The dataset for this model comprises 149 images of a simulated TTE examination on the HeartWorks simulation suite. Images were manually labelled using bounding boxes, indicating the ‘probe’ and ‘probe-tip’ using the web-based image labelling software Make Sense²¹. An example is shown in Fig. 2d. All images within this dataset are 1080 × 1080 pixels, each with a .txt file describing the bounding boxes shown in the image in the YOLO format: the object class, coordinates, height, and width of the bounding box. The images have been resized into that required in YOLO format and are not in their original aspect ratio.

The model used in this application belongs to the YOLOv5 object detection architecture. This method divides the entire image into a grid system—each cell within the grid is responsible for detecting objects within itself²². The specific model architecture used in this implementation is YOLOv5s, which was selected because it offers a good balance between inference time and accuracy. The probe locator model was trained for 200 epochs on an 80/20 training/validation split of the manually labelled probe location dataset. The training parameters used for this implementation are described in Table 3.
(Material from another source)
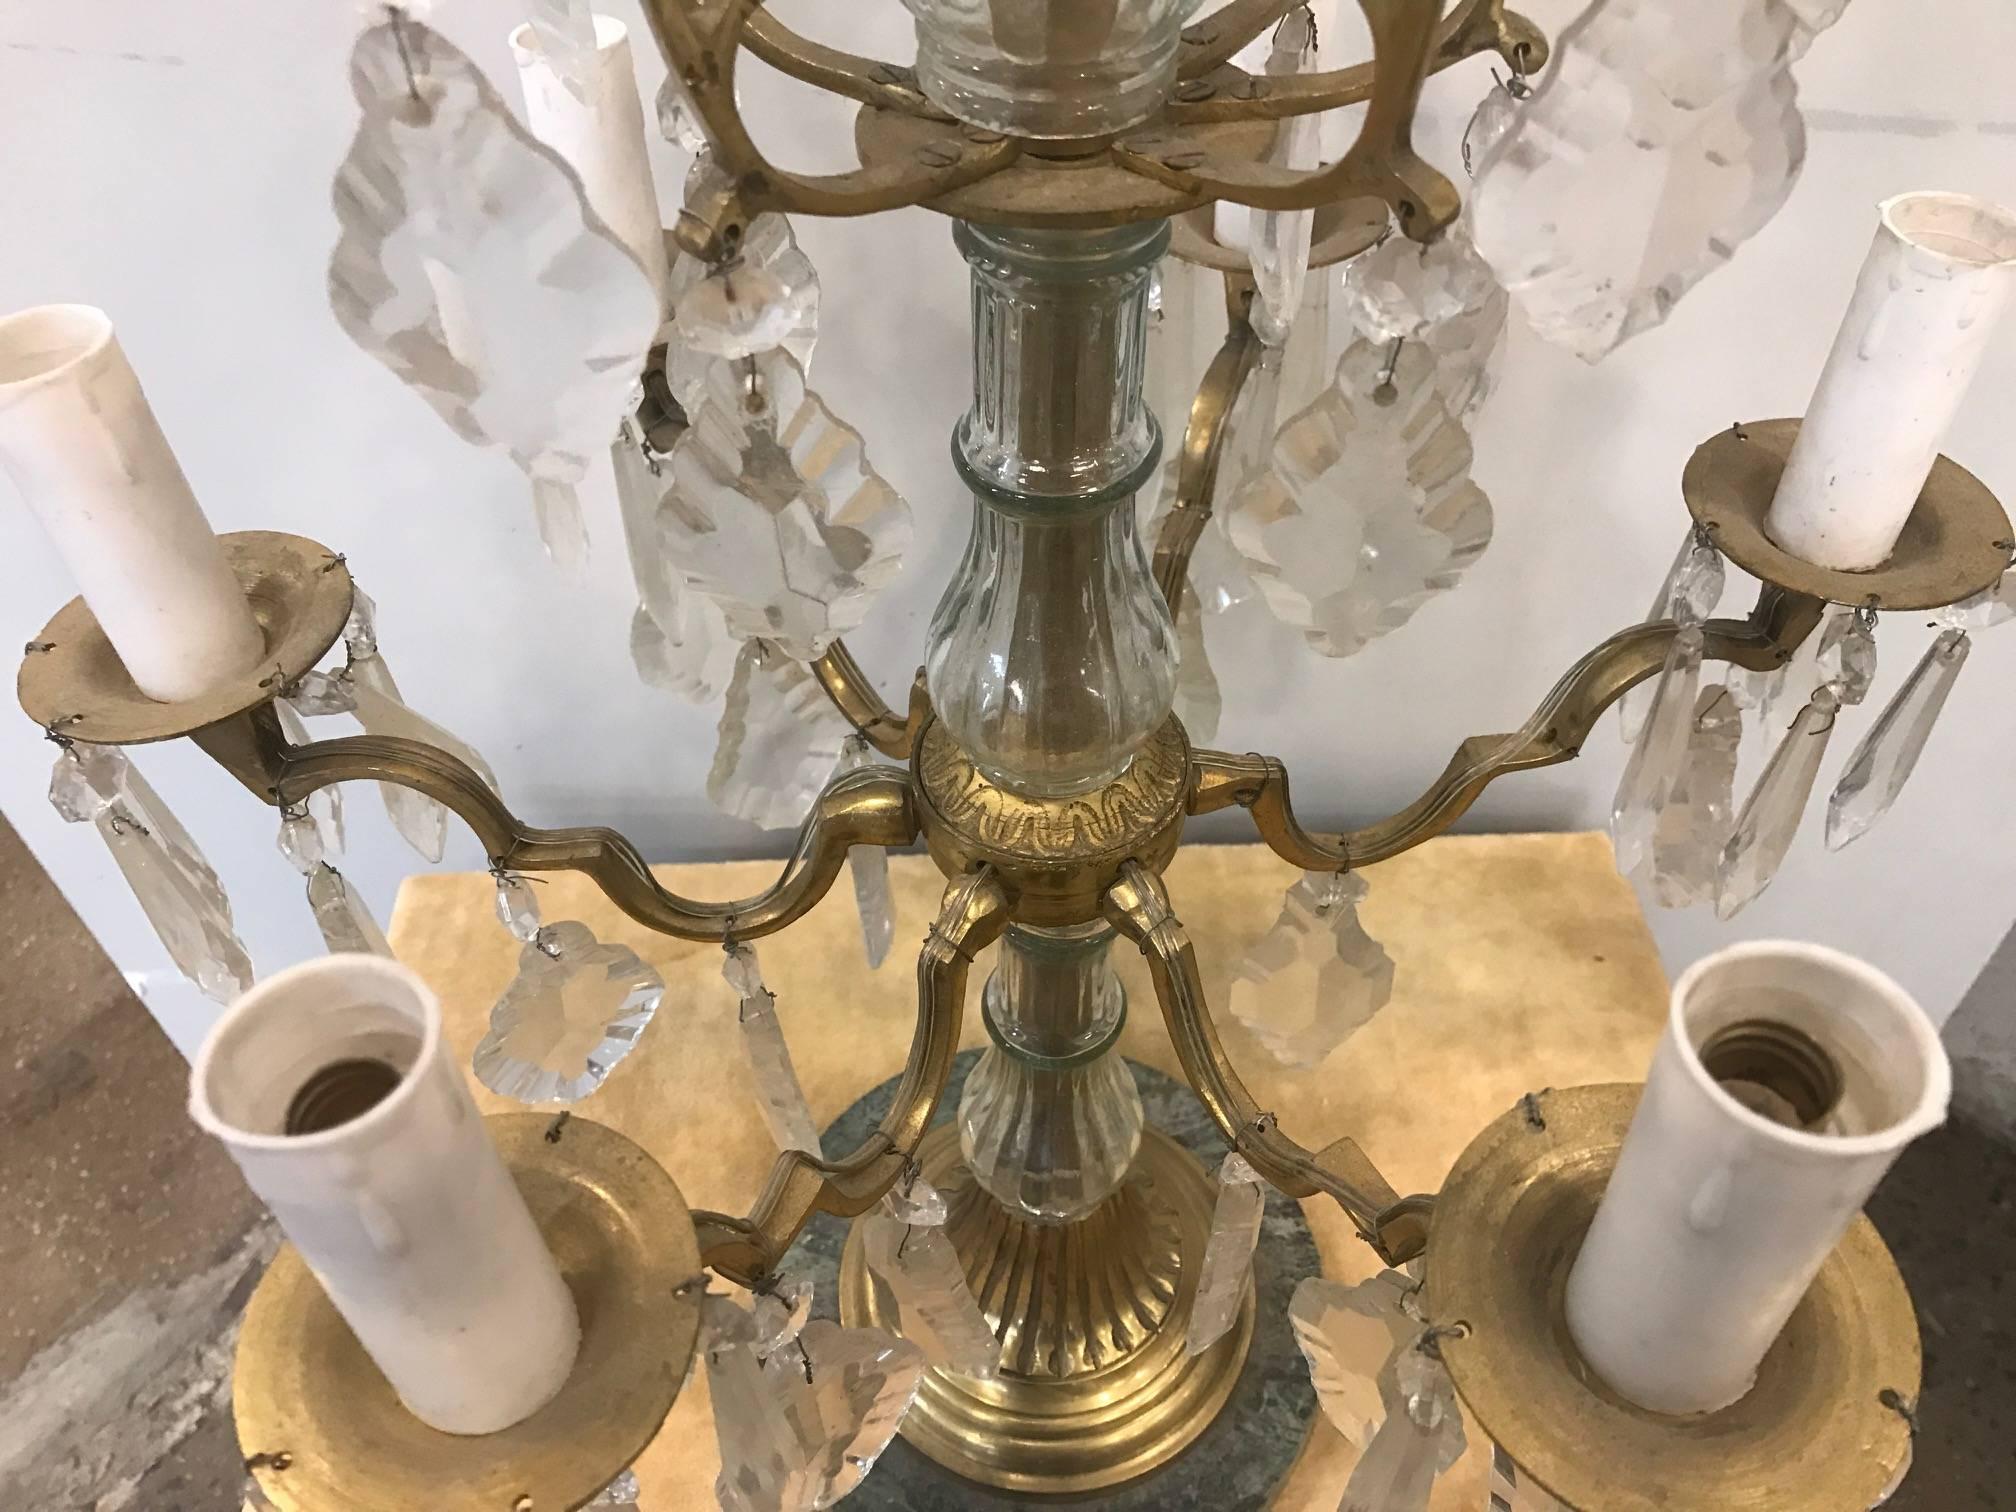 Pair of Louis XVI style six-light candelabras, crystal prisms with a marble bases.

Table 3 Probe locator model training parameters.

Full size table

It should be noted that this probe localisation system is currently in place for simulation purposes only. Once further developments permit the use of the robotic arm for physical testing, the inverse kinematics functions on the robot will be used in conjunction with this vision-based mechanism to obtain the probe location.

Echo-window search algorithm

The heart of this proposed system is the window search algorithm, which governs the decision-making process of the robot’s movement. This algorithm finds the best echocardiography window location based on the known traversal positions and corresponding image quality. The proposed algorithm, inspired by the rule-based feedback scanning protocol in⁸, takes echocardiography images and their location descriptors as the input and outputs the optimal scan sequence constrained to the possible movements of the robotic actuator. In the case of a robotic arm, the constraints would differ based on the robot configuration and the degrees of freedom available on the selected system and its working envelope. However, this study has idealised the movements to a two-dimensional space to demonstrate the feasibility of the window search algorithm. The flowchart of this algorithm is shown in Fig. 5.
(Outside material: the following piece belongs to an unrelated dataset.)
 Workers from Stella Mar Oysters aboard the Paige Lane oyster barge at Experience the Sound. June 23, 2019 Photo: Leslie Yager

Firstly, the search region is manually calibrated by the operator, which is done by selecting 4 points on the first image obtained through the body camera feed. By connecting the four points, a polygon can be formed, which denotes the available search area for the window search algorithm, i.e., the window search algorithm's traversal is restricted to only within the boundaries of the 4 points.
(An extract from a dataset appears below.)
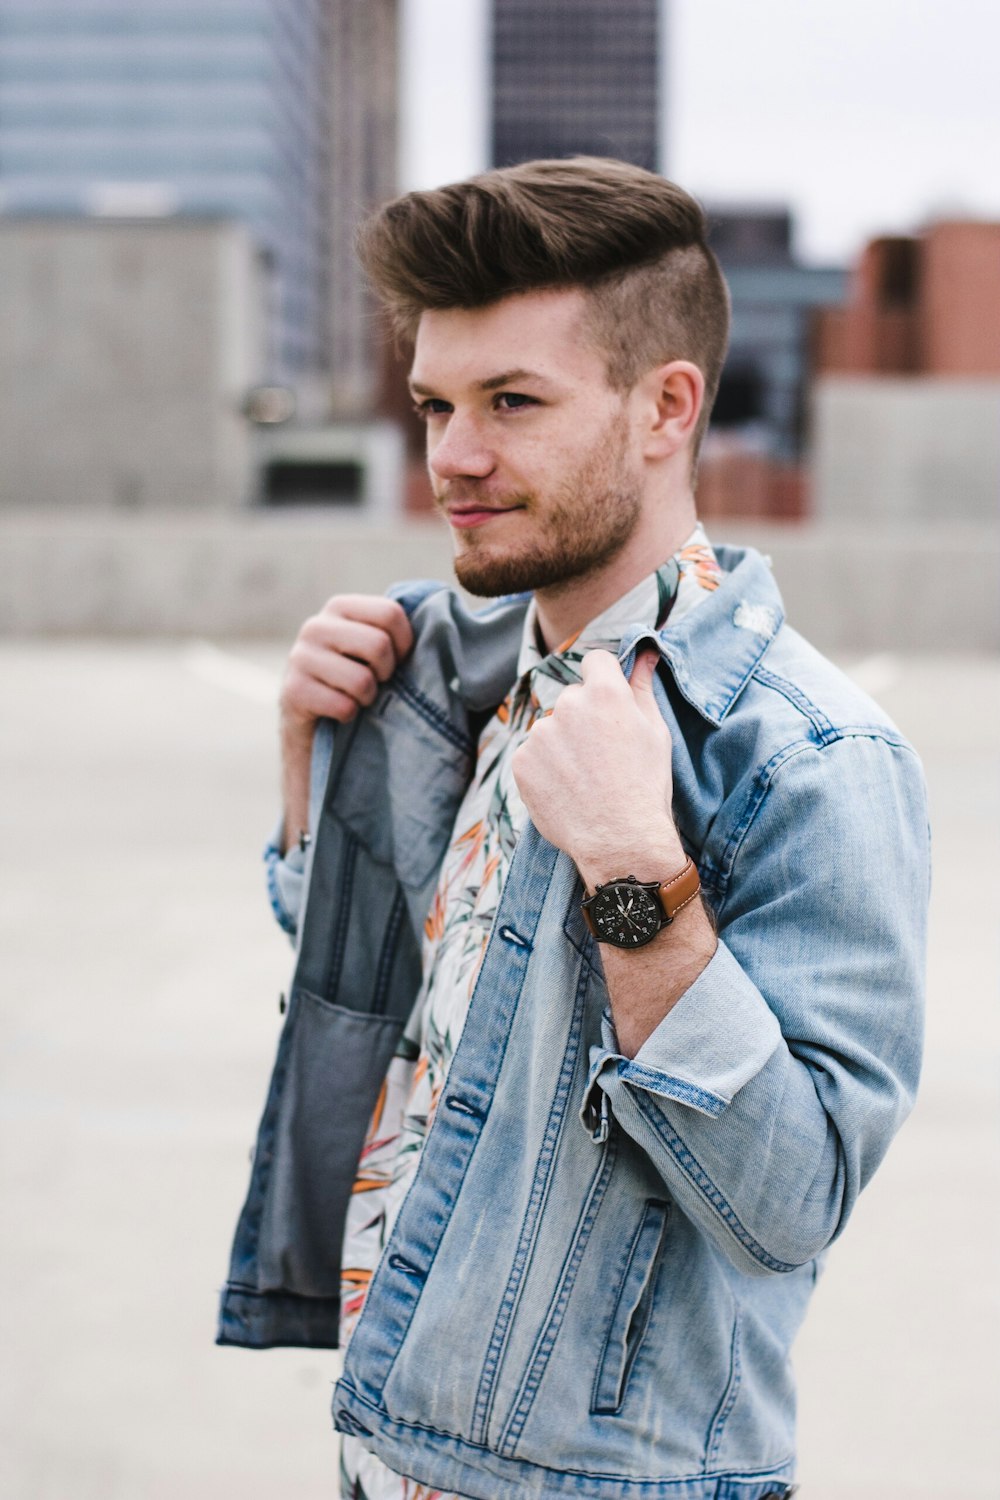 500+ Mens Fashion Pictures [HD] | Free Images on Unsplash

Next, a start location is selected—while this start point could theoretically be selected randomly, the ideal start point should follow the general guidelines in performing a TTE examination. This start point is set in the same manner as the search region calibration process using the available user interface. Once this is set, the algorithm commences its iterative search process.

At the beginning of each iteration, the search algorithm checks the image quality at the start point using the image quality assessment system. If the quality meets a preset threshold, the search process will stop. In most cases, the quality of the image at the first step would not meet the threshold. If this is the case, the search algorithm directs the arm to scan the start point's neighbouring positions, i.e., to the north, south, east, and west directions, where north refers to the direction pointing above the transverse plane of the patient and west refers to the direction pointing towards the patient’s anatomical right on the frontal plane. This study refers to a group of these neighbouring positions as the step group. While it is possible to consider a larger step group, this study restricts this to four directions, as mentioned above. As a step in each direction also translates to a change in the pixel coordinates, one can relate the images obtained in each direction with a unique pixel coordinate set. Note that the step size may increase or decrease according to reasons further explained.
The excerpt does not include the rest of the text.